"A networking event early this morning triggered a large amount of re-mirroring of EBS volumes in US-EAST-1," the Service Health Watch dashboard said seven hours after the trouble began. "A networking event" could be anything, from the failure of a core switch in the data center to the activity of a backhoe outside it.
What this means to me is that a large amount of EBS storage suddenly became unavailable for unexplained reasons, and the Amazon cloud did what it was supposed to do. There were backup copies elsewhere and it started accessing them and creating a new copy of the data to replace the ones no longer available. It's an article of faith among cloud proponents that three copies of data on different storage elements will protect against an unrecoverable loss. Once one disappears, one of the remaining two becomes the go-to copy, and the system starts replicating a new third copy on different storage.
With the limited information available, yesterday's event appears to have triggered such a large data restructuring effort that EBS and RDS services in other zones were disrupted as well, not for a few minutes but for many hours. This is not equipment failure, but the architecture shooting itself in the foot.
Consider the following postings from the EC2 health dashboard:
2:18 a.m. Pacific: "We can confirm connectivity errors impacting EC2 instances and increased latencies impacting EBS volumes in multiple availability zones ..."
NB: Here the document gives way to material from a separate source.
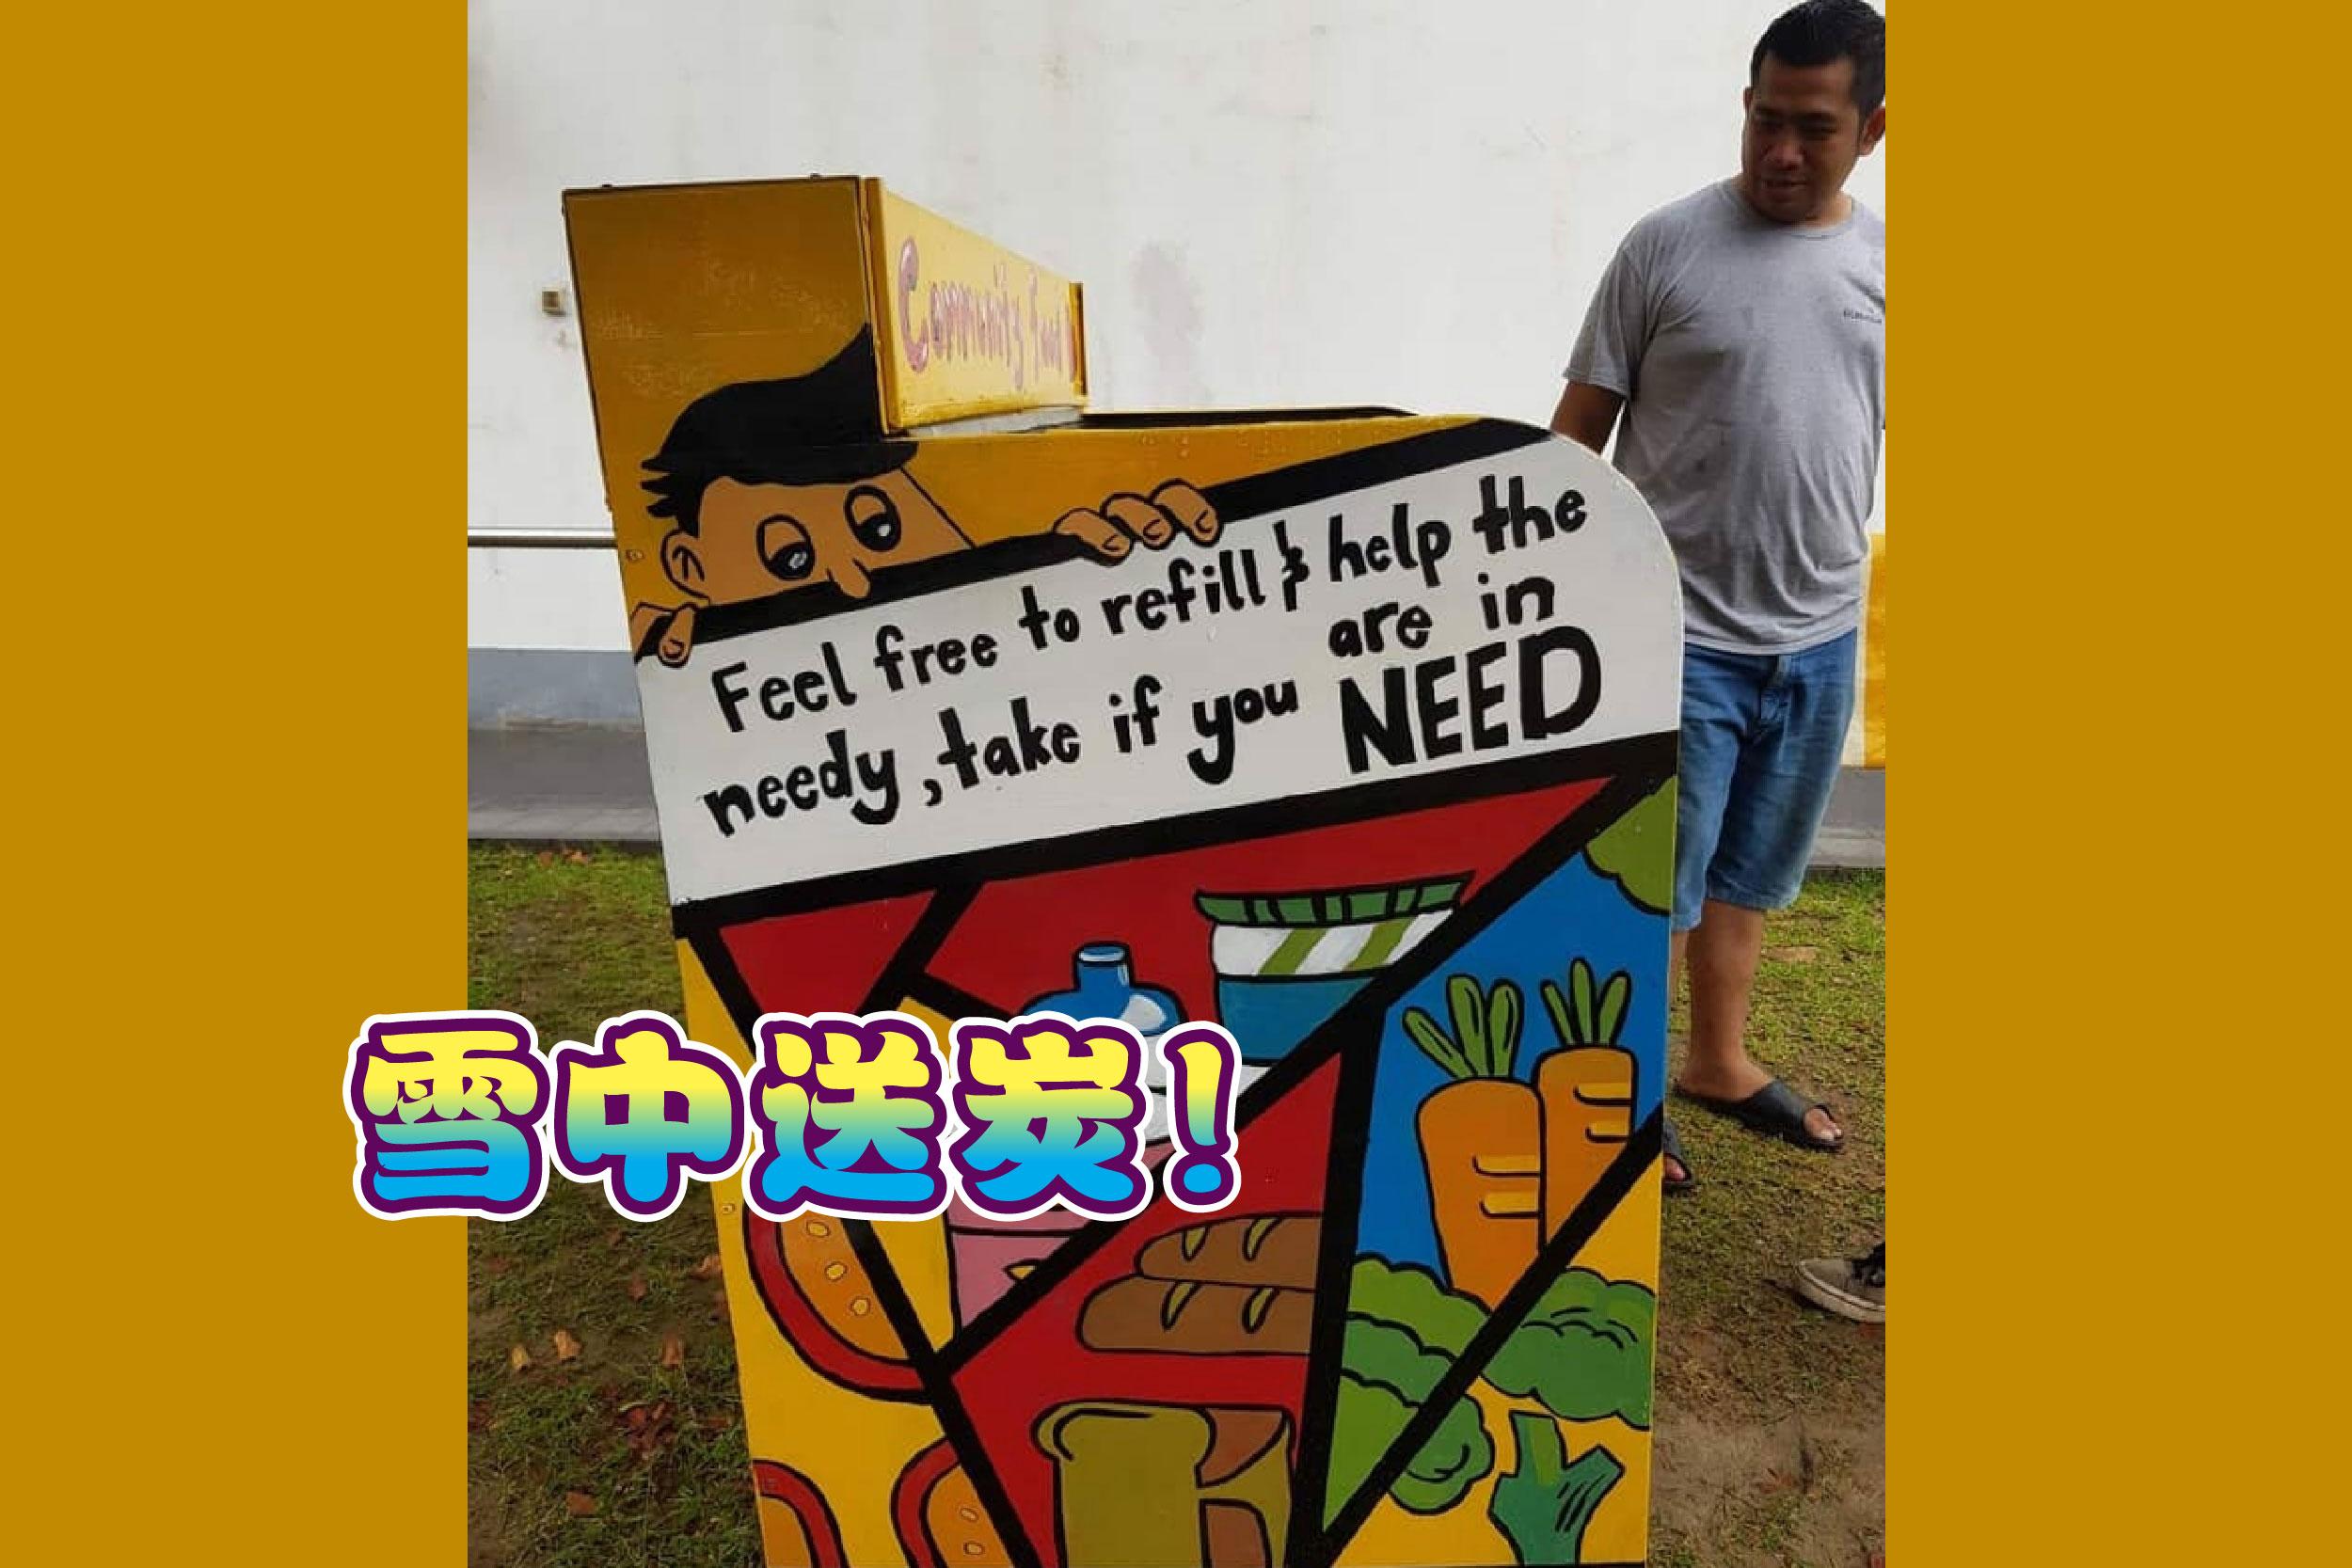 """志工组织推出了""""食物箱""""计划,来帮助那些受疫情影响已经穷得揭不开锅的弱势团体。-Alfred Samuel Mariyaras提供/精彩大马制图-"""

4:09 a.m. Pacific: "EBS volume latency and API errors have recovered in one of the two impacted Availability Zones in US-EAST-1. We are continuing to work to resolve the issues in the second impacted Availability Zone."
6:59 a.m. Pacific: "There has been a moderate increase in error rates for CreateVolume. This may impact the launch of new EBS-backed EC2 instances in multiple availability zones in the US-EAST-1 region."
My interpretation: Something triggered a demand for storage volumes that was so great that a running application wouldn't be able to get one when needed. If your server instance wasn't available in one zone, its backup might not be accessible in another. For some users, if your application was running and needed data, it probably couldn't get it.
Amazon may dispute this view, particularly the fact that the architecture itself was to blame for the delays and service losses that some customers experienced. Whatever the cause, Amazon needs to come up with both a succinct description of the cause and assurance that it's been addressed. There will be many skeptics listening, some doubting what it says.
Cloud computing suffered a setback, a loss of confidence, in this incident. It was 12 hours after the initial notice that customers were assured they could use availability zones other than the one that originated the outage. That one was still recovering 36 hours after the start of the incident. It will take a remedy and a lot of good experience by customers before enterprise IT will be convinced the cloud can be made reliable. A commenter on Slashdot.org, JBrodkin, noted Thursday: "The availability zones are close together and can fail at the same time, as we saw today. The outage and ongoing attempts to restore service call into question the effectiveness of availability zones."
Amazon's last post on EC2 service said its troubleshooters are "working this hard and will do so as long as it takes." I hope the cloud architects are chained to their desks as well and come up with a better design, one that ameliorates a crippling surge in traffic when a data protection feature kicks in and starts to run amuck.
Charles Babcock is an editor-at-large for InformationWeek.